Before moving to Toronto, Sepideh Behrouzian completed a one-year residency program at Jan Van Eyck Academie in the Netherlands. In her current long-term research project, The Promises of Ever-coming Prosperity, she employs artistic methodologies to critically explore scientific and technological development, alongside progressive linear temporality. Reflecting on the halted flow of the Zayandeh Rud river in her hometown, Esfahan, Behrouzian examines the broader effects of imperial extraction, political turbulence, environmental devastation, and emigration. 

Behrouzian was awarded the Hauptstadtkulturfonds grant in 2023 to produce her film Portrait or Landscape, Anahita?, which is part of her ongoing research. She is also the recipient of the 2022 Südkulturfonds Artist Prize in Switzerland and was nominated for the Amsterdam Open Book Prize (Versal). Sepideh holds an MFA from the Dutch Art Institute, an MA in Artistic Research, and a BA in Visual Arts from Tehran University of Art. Her work has been exhibited internationally in cities such as Amsterdam, Berlin, Rotterdam, Brussels, Moscow, and Tehran. 

 Dawit L. Petros is a visual artist, researcher and educator.
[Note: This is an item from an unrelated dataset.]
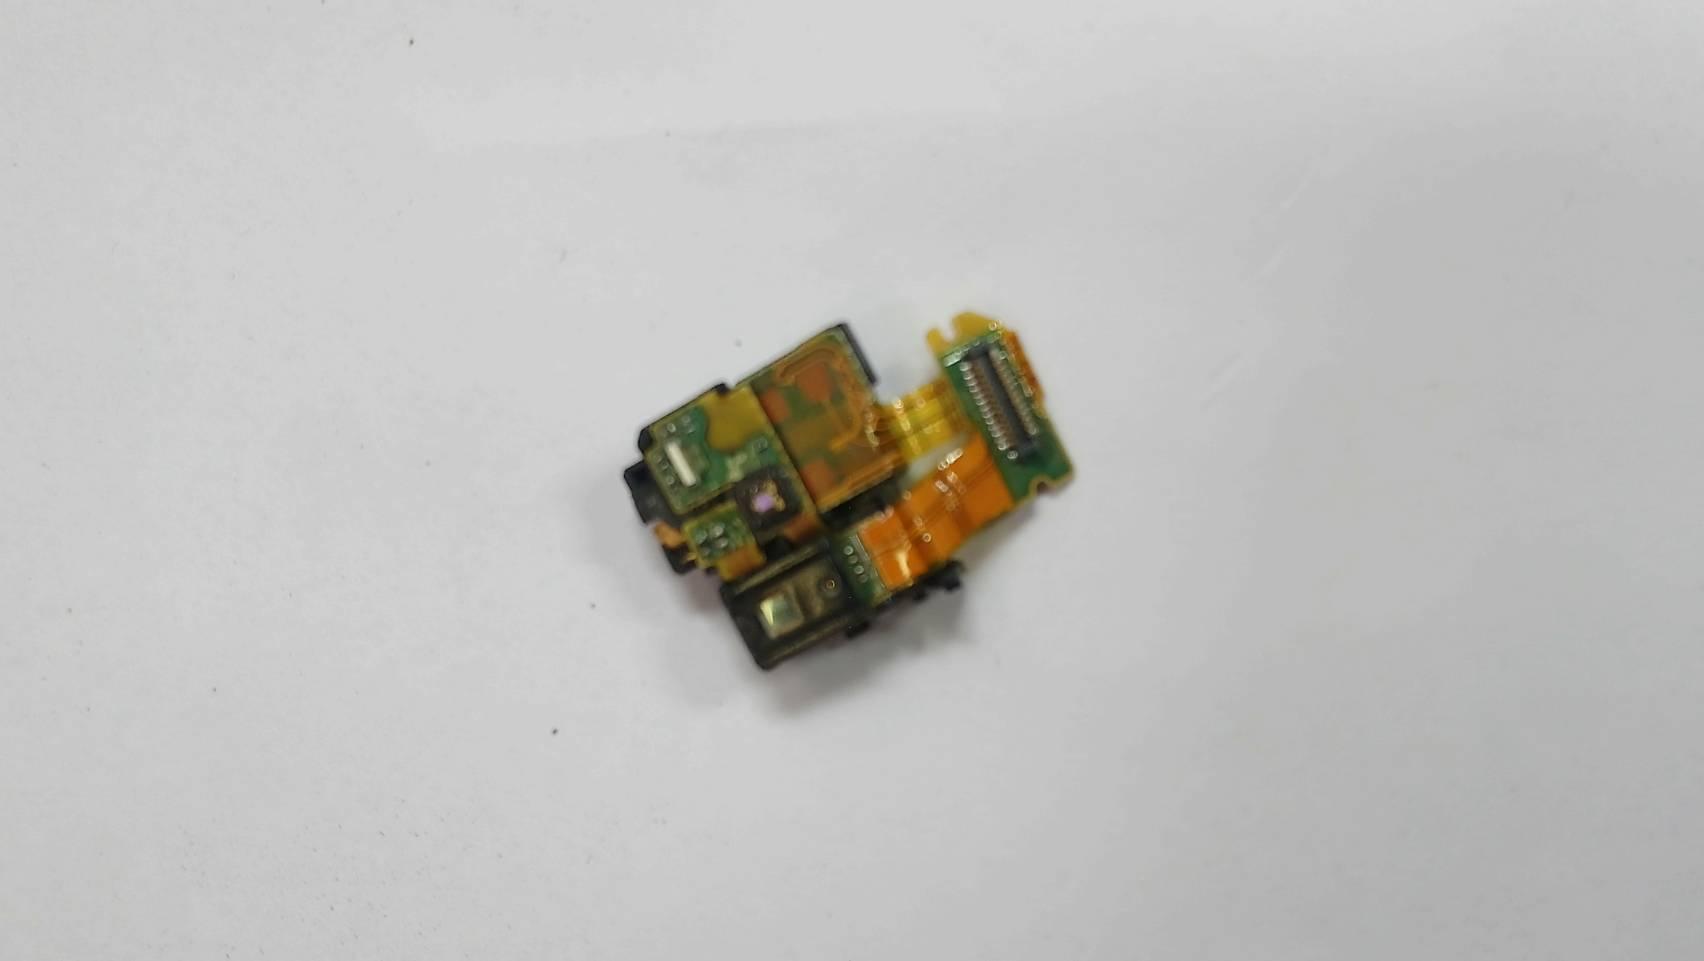 ชุดแจ๊คหูฟัง SONY xperia Z L36h L36i C6603 C6602 C6606 มือสอง

Born in Eritrea, Petros also lived in Ethiopia and Kenya before his family moved to Canada. Arriving in Saskatoon as a young child, he entered a landscape and culture very different from his East African origins. Over time, he and his family became part of a close-knit Eritrean community and established a strong sense of connection in the Prairie city. Petros has described Saskatoon as foundational to his artistic practice. 

Petros completed the Whitney Independent Study Program, an MFA in Visual Art from the School of the Museum of Fine Arts, Boston and Tufts University; a BFA in Photography from Concordia University and a BA in History from the University of Saskatchewan. Petros is represented by Tiwani Contemporary in London, UK and Bradley Ertaskiran in Montreal, Canada.